> PROBLEM TO SOLVE: Repeat the listing word for word. Leave every picture out.

> COLLECTED DATA:

::::

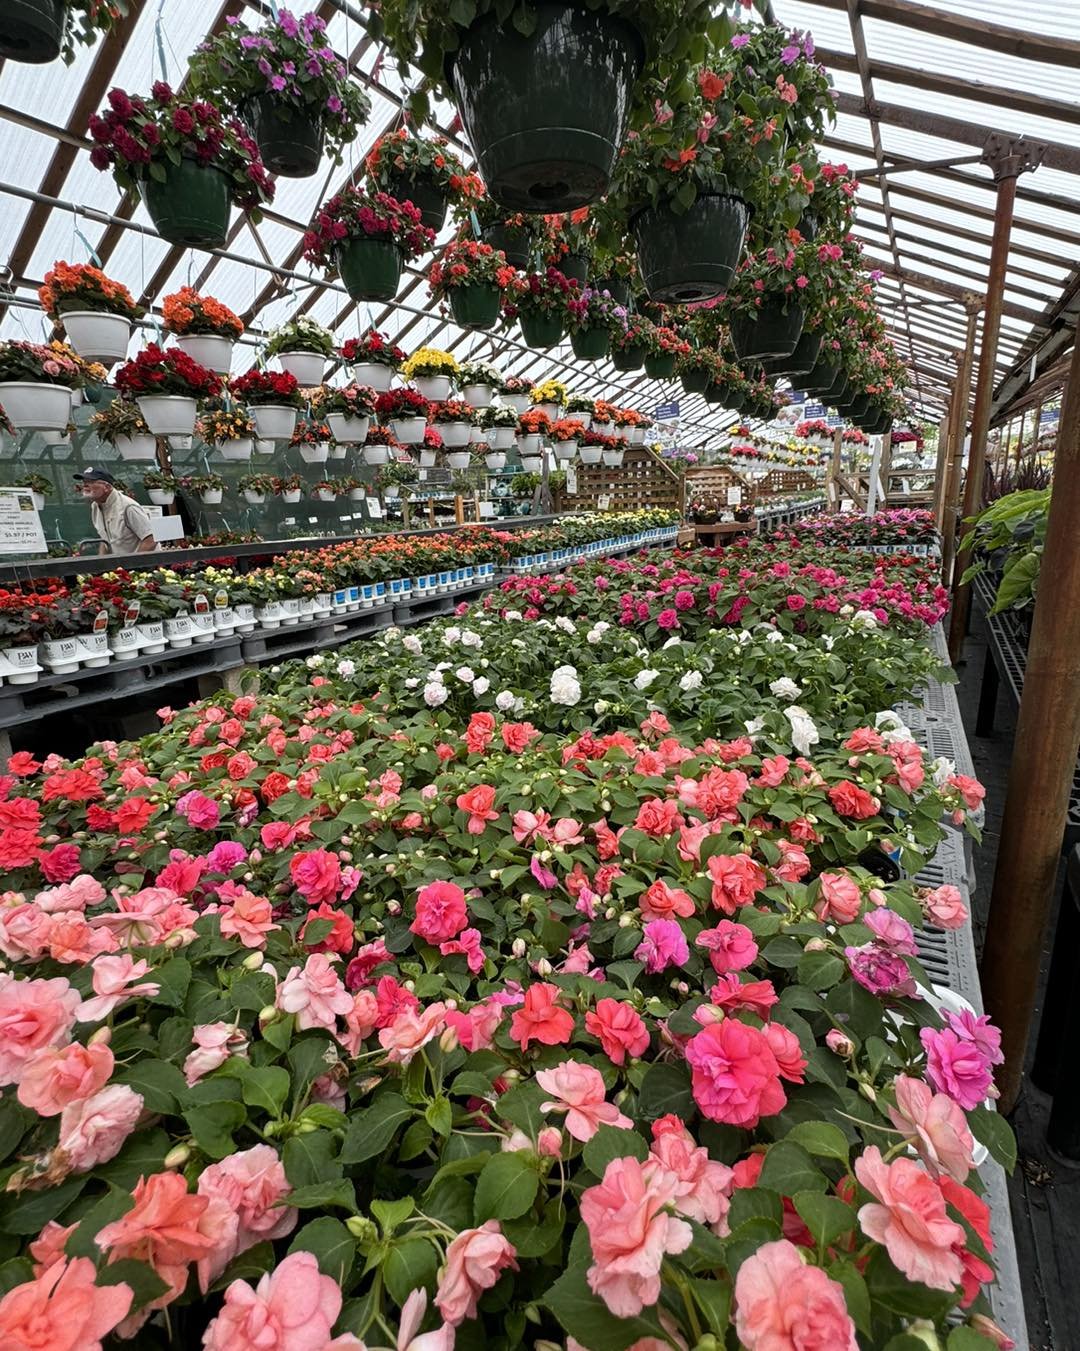 We have fresh loads of blooming baskets, patio pots, bedding plants, veggies and more!
.
Open 7 days a week, Come see us this weekend!
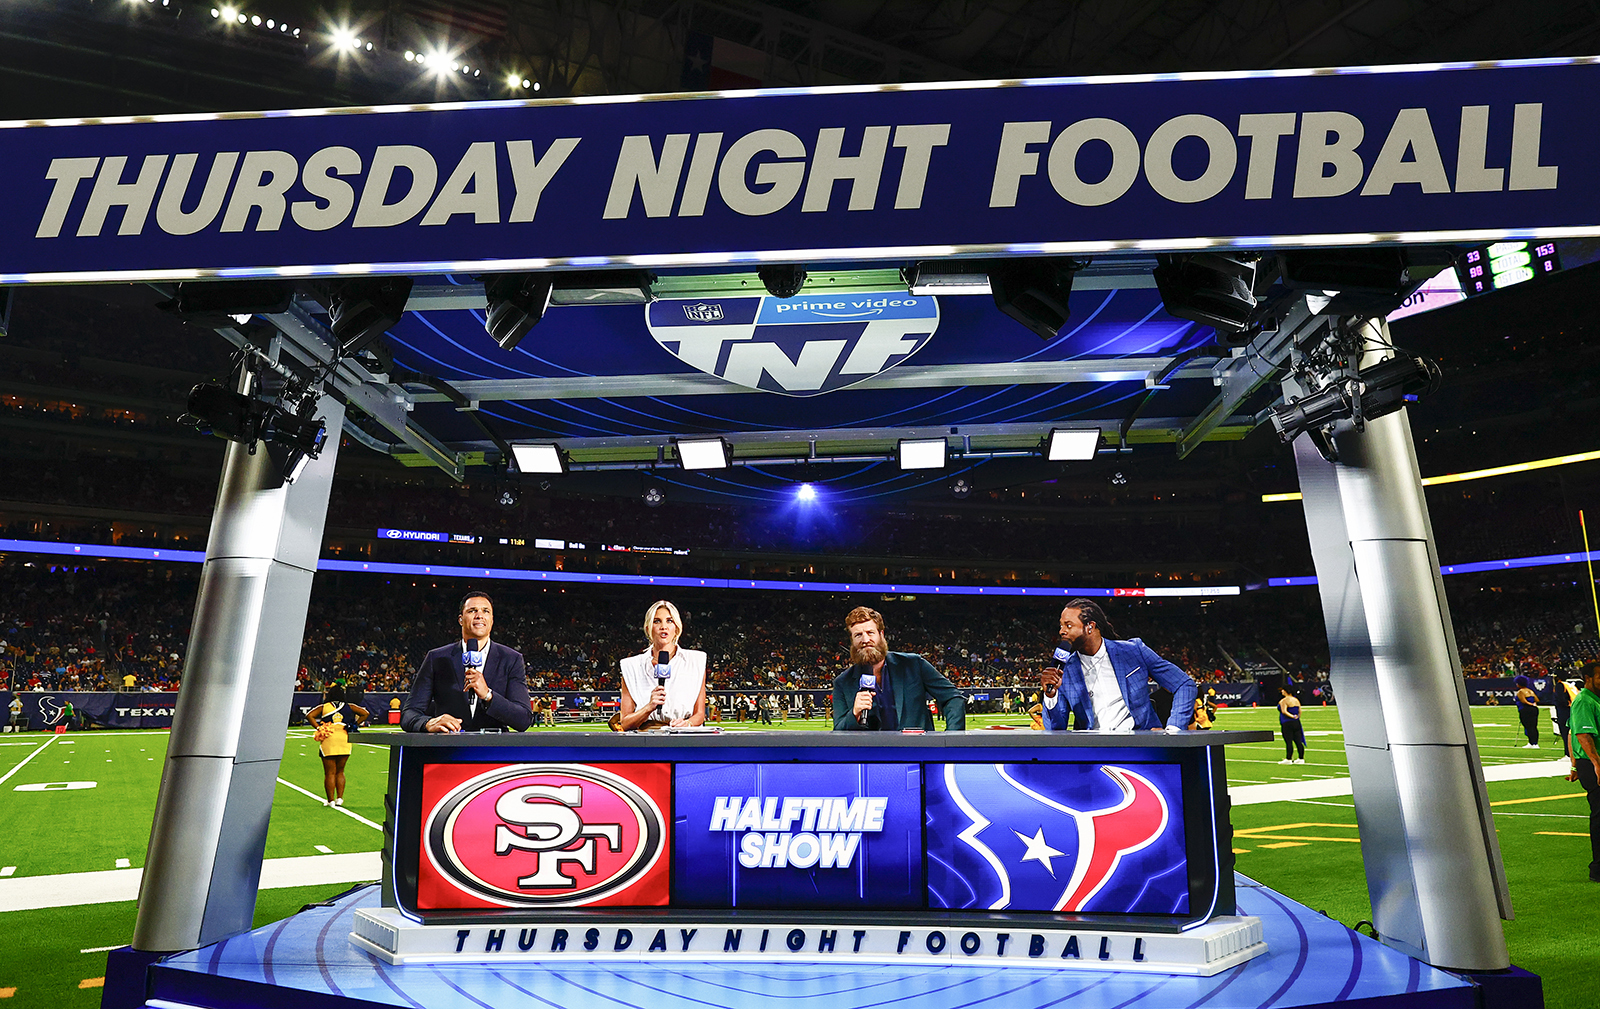 Prime Video Announces Upcoming NFL Thursday Night Football

::::

> RESULT OF THE TASK:
 We have fresh loads of blooming baskets, patio pots, bedding plants, veggies and more!
.
Open 7 days a week, Come see us this weekend!
 Prime Video Announces Upcoming NFL Thursday Night Football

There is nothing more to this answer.